Thursday, October 11, 2012

Real-estate lawyer sentenced in Staten Island Supreme Court for ...

STATEN ISLAND, N.Y. -- A real-estate lawyer from Long Island was sentenced Tuesday on Staten Island to a year in jail and must pay a Tottenville woman $75,000 for stealing a down payment from her.

Jarrett Haber, 46, was representing a friend of his who was selling her Bentley Street home for $475,000. Prosecutors said the buyer had placed $75,000 in an escrow account as a down payment.

On July 29, 2010, the date of the closing, the money wasn't there, authorities said.

Haber told investigators the cash was stolen from him, a law enforcement source said. Nevertheless, the source said, "The money came out of the account that he was in control over."

A grand jury indicted Haber in January on grand larceny and stolen-property possession charges.

Three weeks ago, the Hicksville resident pleaded guilty in state Supreme Court, St. George, to third-degree grand larceny, a felony, said a spokesman for District Attorney Daniel Donovan.

In line with the sentence, a judgment of $75,000 was entered against Haber.

"I think it was a very fair plea negotiation and sentence," said Haber's lawyer, Robert DePalma.

While Haber has already served his jail term pending the case's disposition, he's still being held in lieu of $200,000 bail, stemming from an unrelated criminal case in Brooklyn state Supreme Court.

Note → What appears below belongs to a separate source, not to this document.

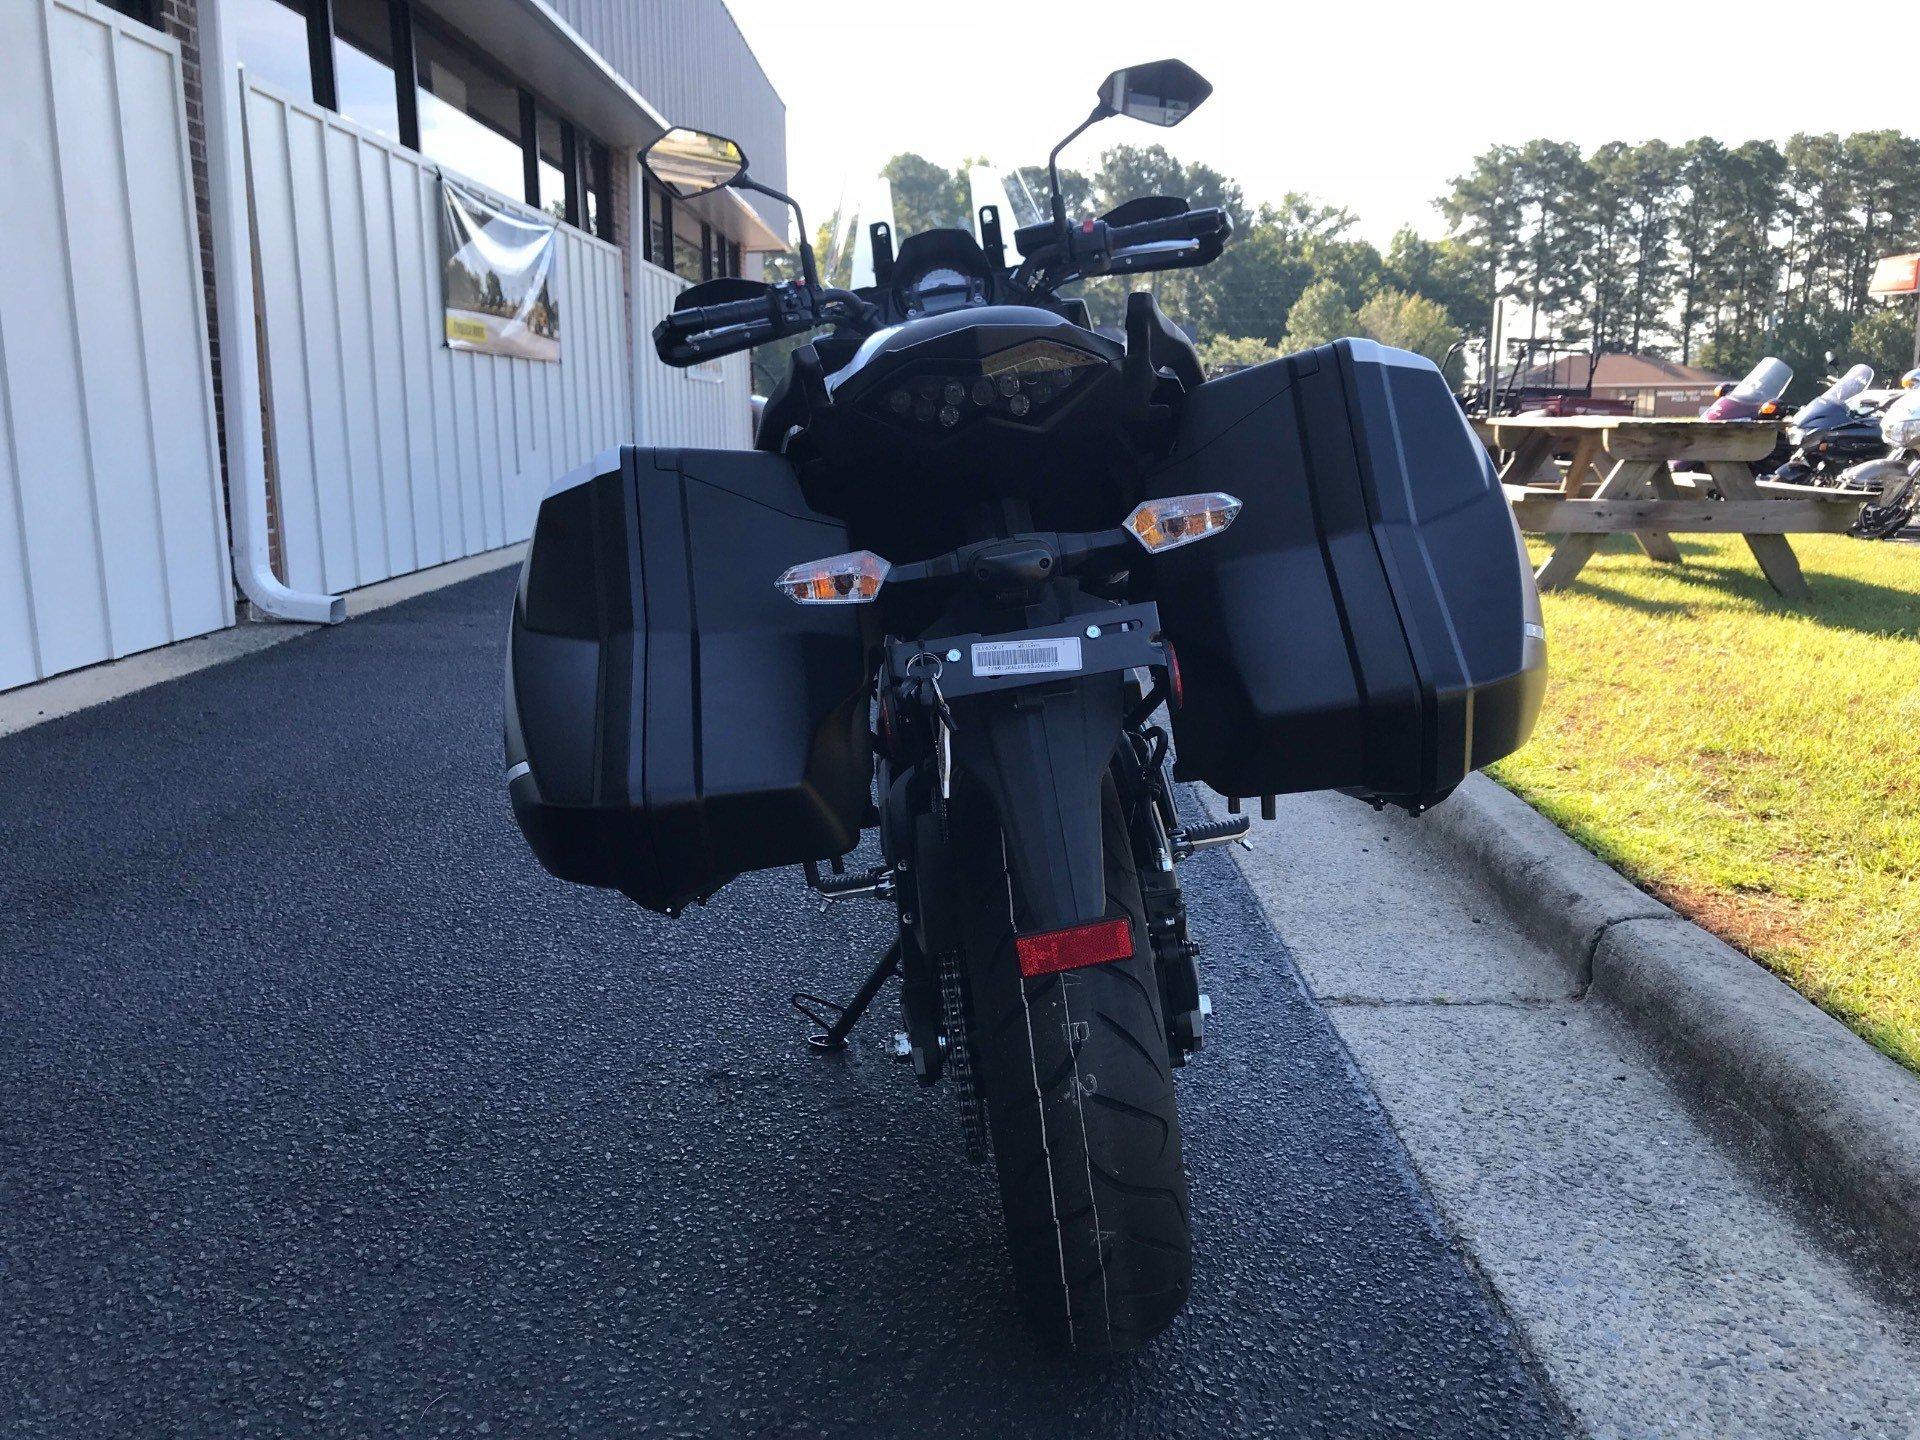 2018 Kawasaki Versys 650 LT 10

Haber was arrested in February 2010 and accused of running a mortgage fraud scheme alongside Rabbi Victor Koltun of Brooklyn.

The two allegedly took out a $225,000 mortgage on the home of a Brooklyn woman who was living in a nursing home. She got a call in October 2009 demanding payment on the mortgage, prosecutors said. That came as a surprise because she and her husband had owned the home since 1975, and hadn't had a mortgage on it since 1987.

Investigators learned that Haber and Koltun fraudulently used several properties to secure a $225,000 mortgage, which they used to pay down a debt from another real estate scam in Long Island.

Koltun ended up in much deeper trouble in December 2010 -- authorities in Newburgh, Orange County, say he hired two hardened felons to kill a former police officer and his nephew who were trying to extort money from him. That case is pending, according to online state court records.